The Missile Defense Agency plans to launch several satellites near the end of the decade to develop a space-based interceptor test bed that could shoot down missiles in their boost phase, according to MDA.

A competition for a concept design will take place in fiscal 2004, following a briefing for industry in December 2003, an MDA official said Jan. 21.


MDA hopes to launch three to five satellites in FY '08-09 to begin on-orbit tests. After that, it envisions launching more capable satellites in "small quantities" every two to three years, the official said.

The agency's intentions represent the Defense Department's latest attempt to jump start an idea that has been studied for decades but encountered political, technological and financial obstacles along the way.

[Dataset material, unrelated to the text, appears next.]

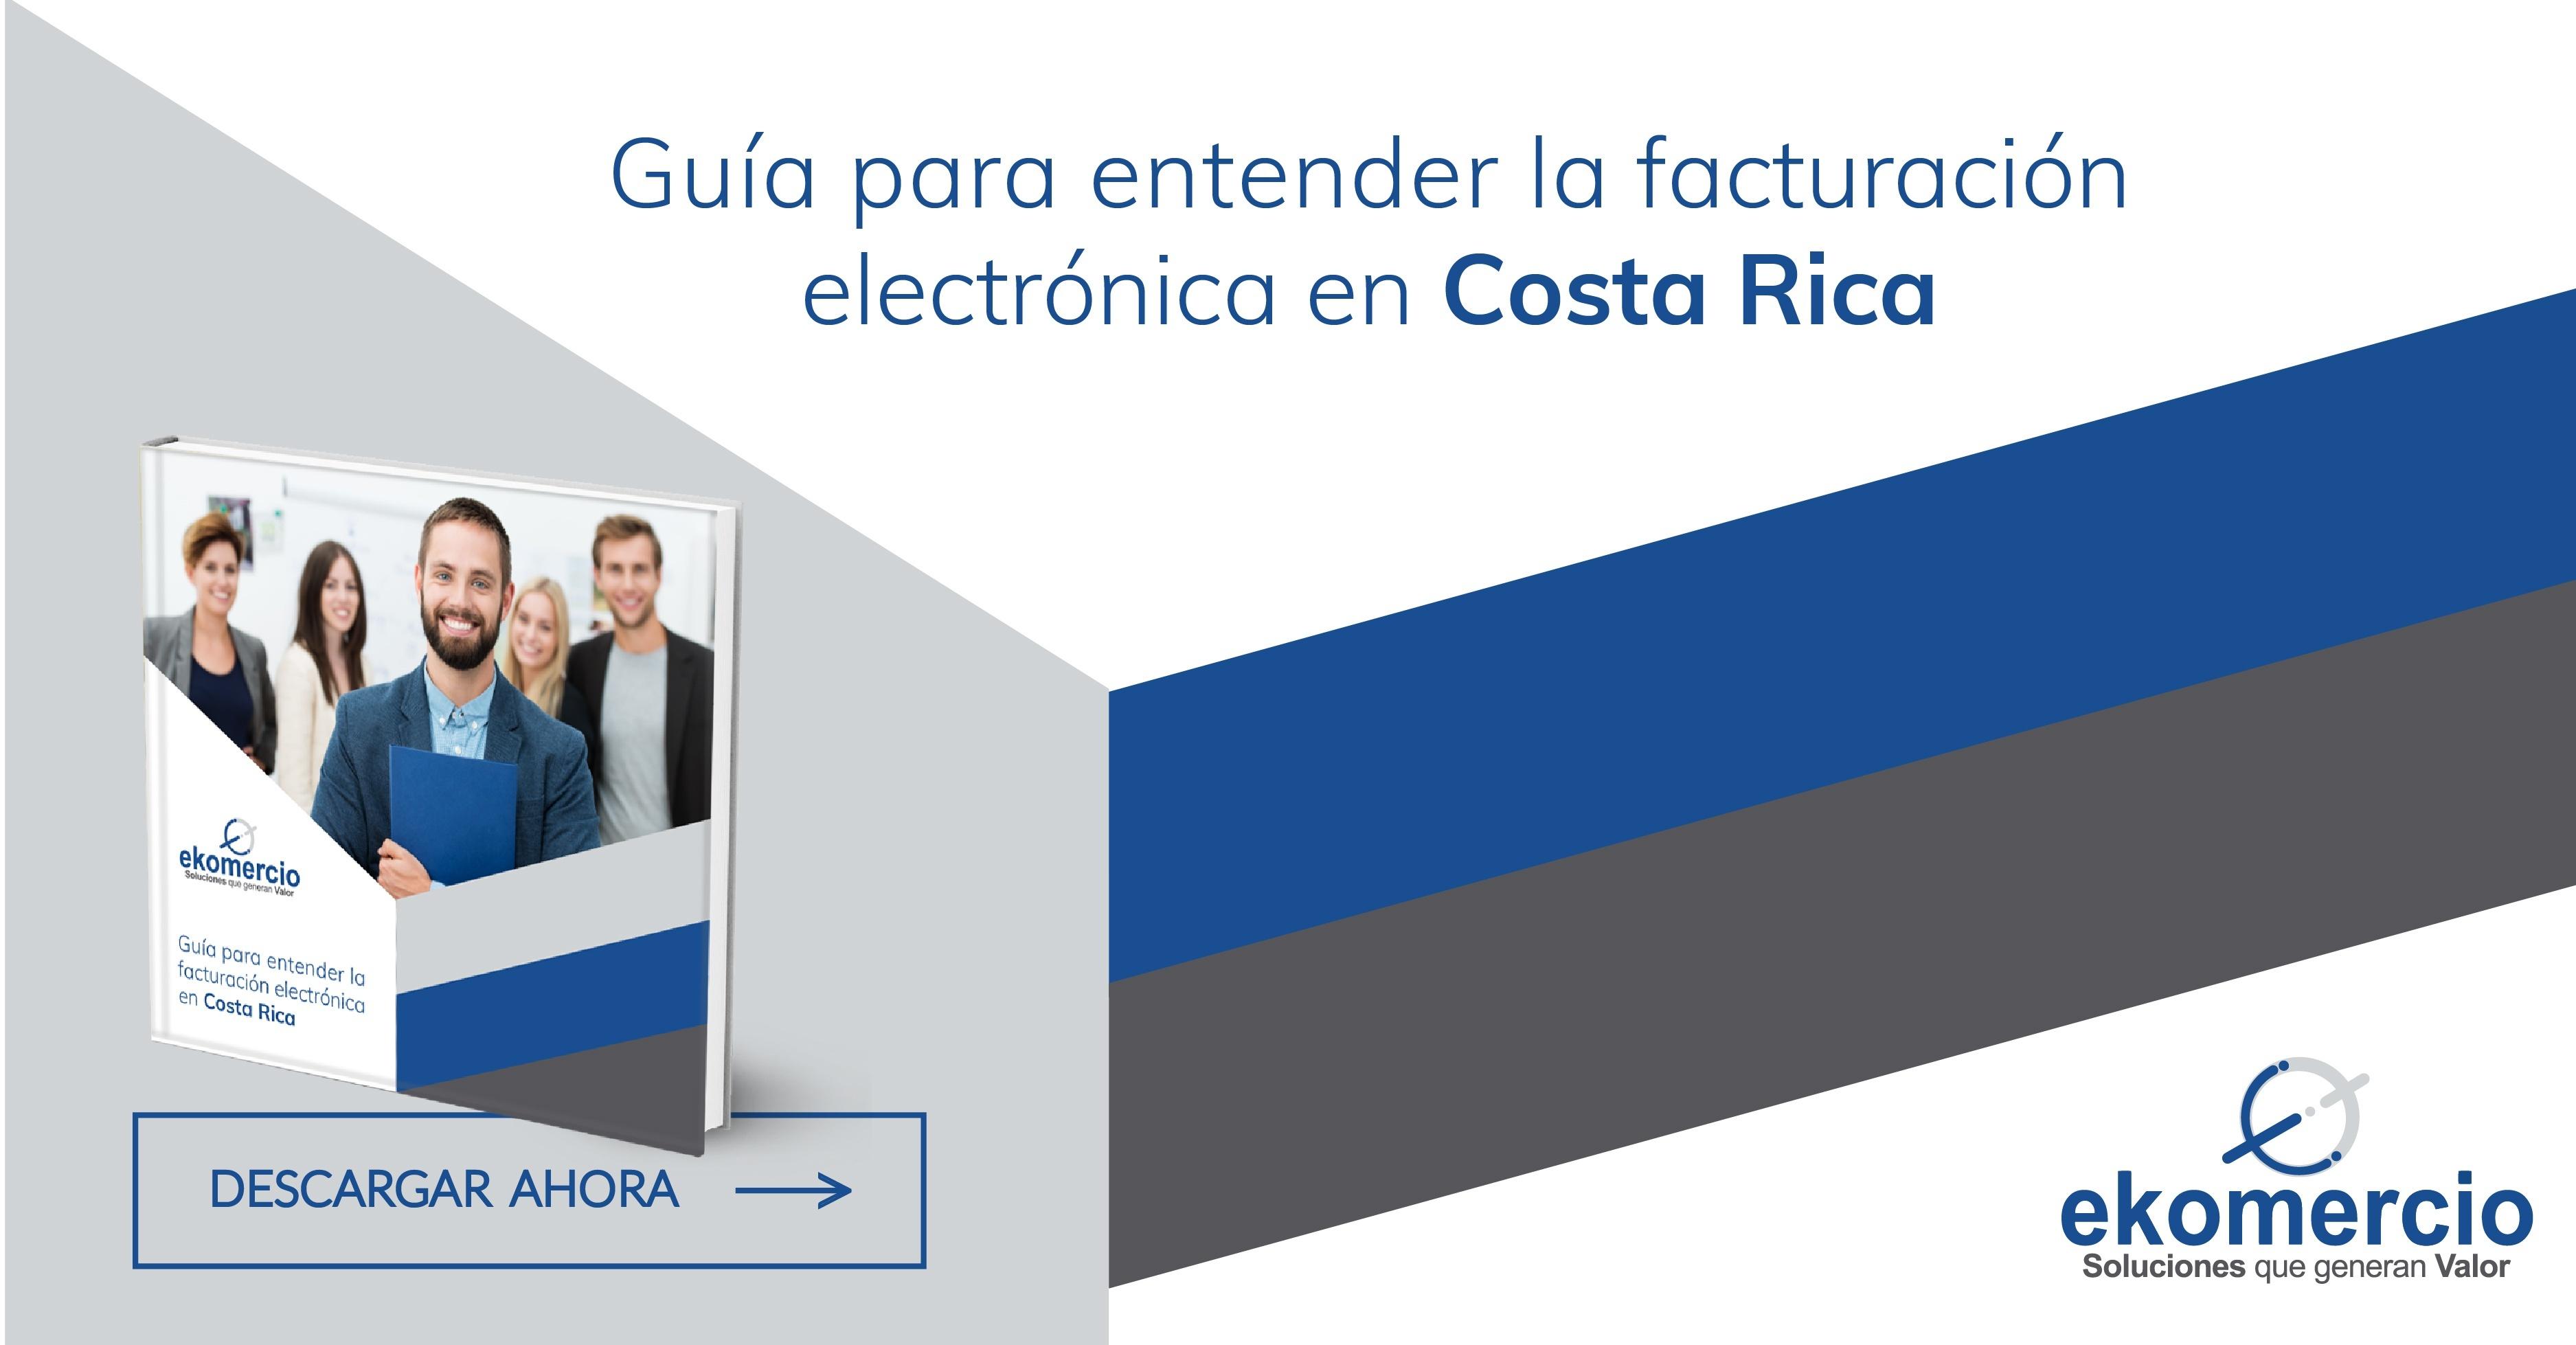 Guía para entender la facturación electrónica en Costa Rica
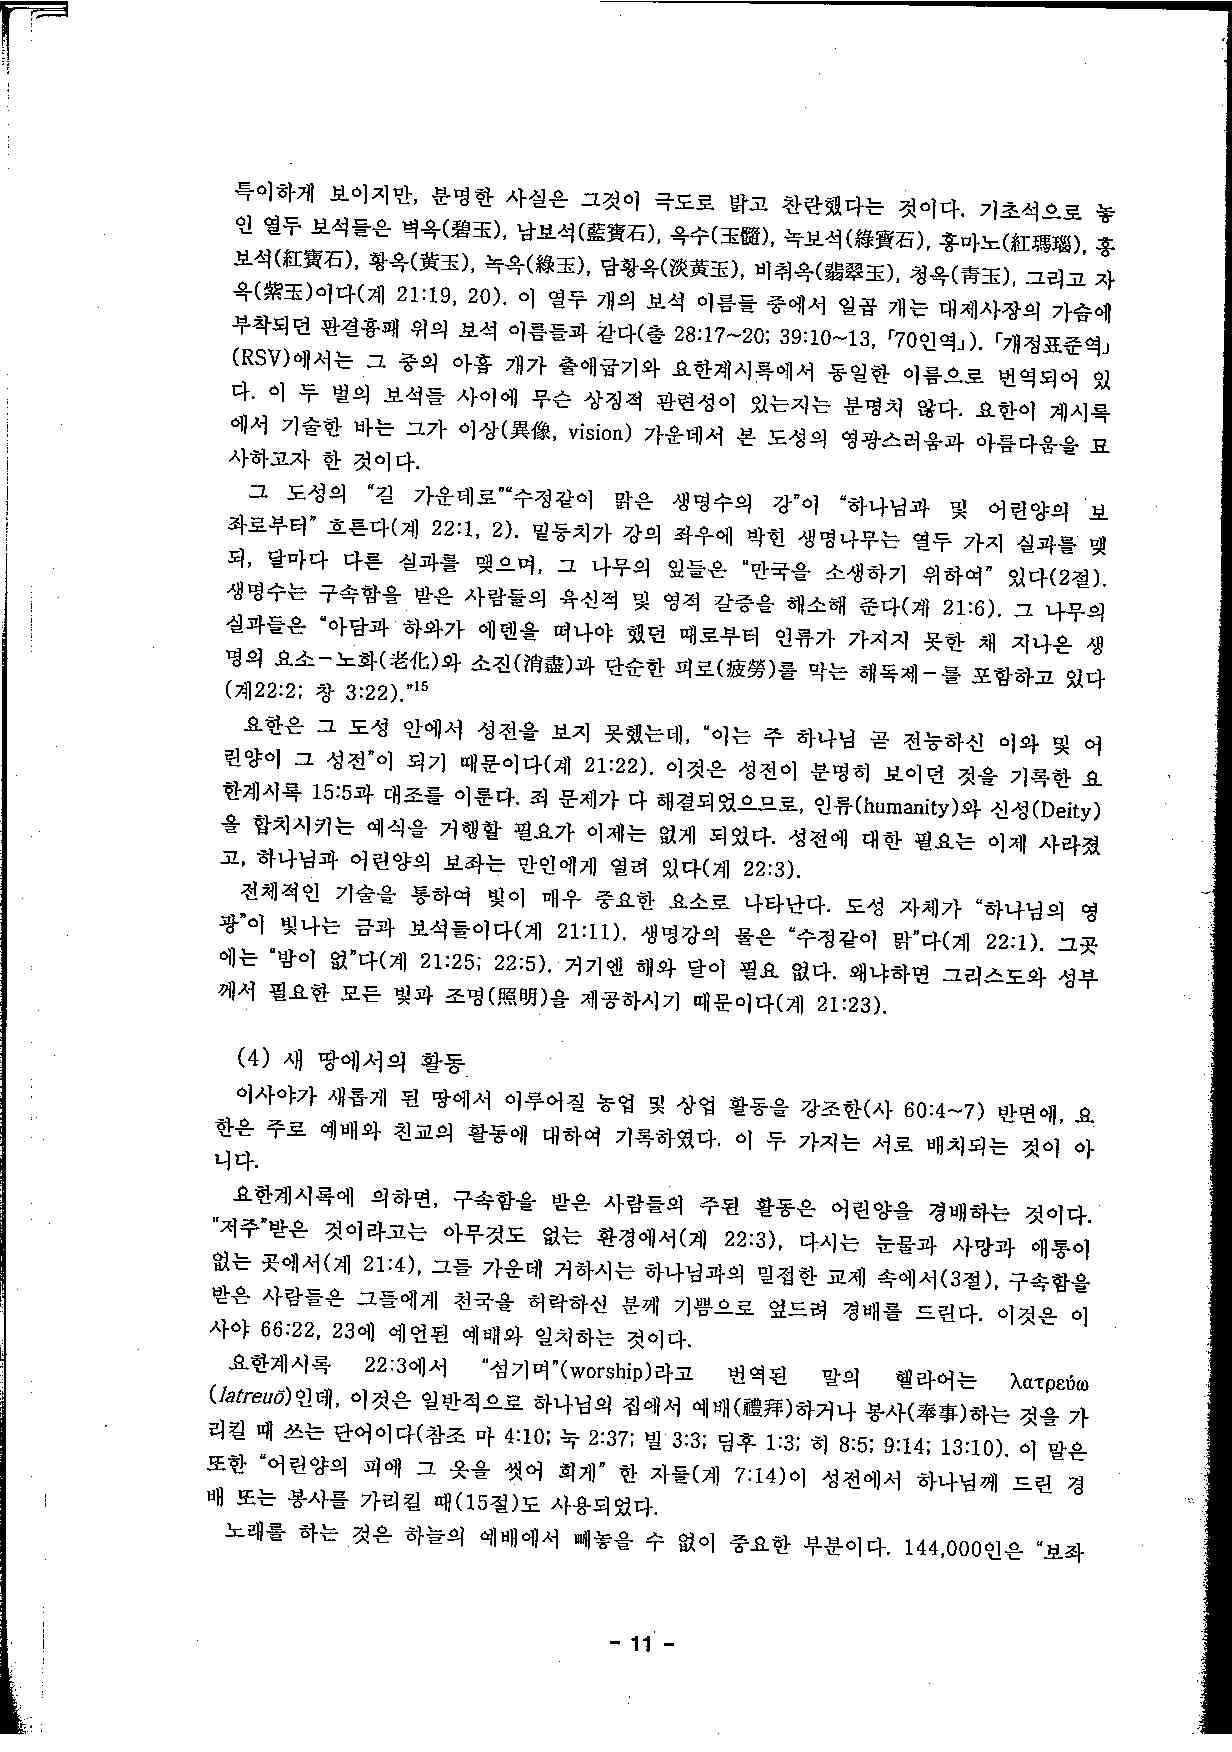 Prof dr Daeguk Nam Last Lecture 2008 (12).jpg

MDA's current plans do not call for moving beyond the test bed capability, but they are subject to change. In December, the Bush Administration announced it will deploy ground-based and sea-based midcourse anti-missile systems

...



Posted by David Davenport at January 22, 2003 10:01 AM

Sorry, that's "fanatic" and "development."

Posted by David Davenport at January 22, 2003 10:02 AM

Trying to return to the Moon using only solar energy is possible, but hardly cost effective, especially in the short run -- and I suspect any such return will of necessity be done the cheaper ways.

The Moon's more benign than Mars: no wind to blow dust, but the Apollo experience was that it gets everywhere anyway, if you're not just sitting still in one spot. Remember how fast Pathfinder's photovoltaics degraded on Mars?

And even Apollo used nuclear power, in the form of RTG's.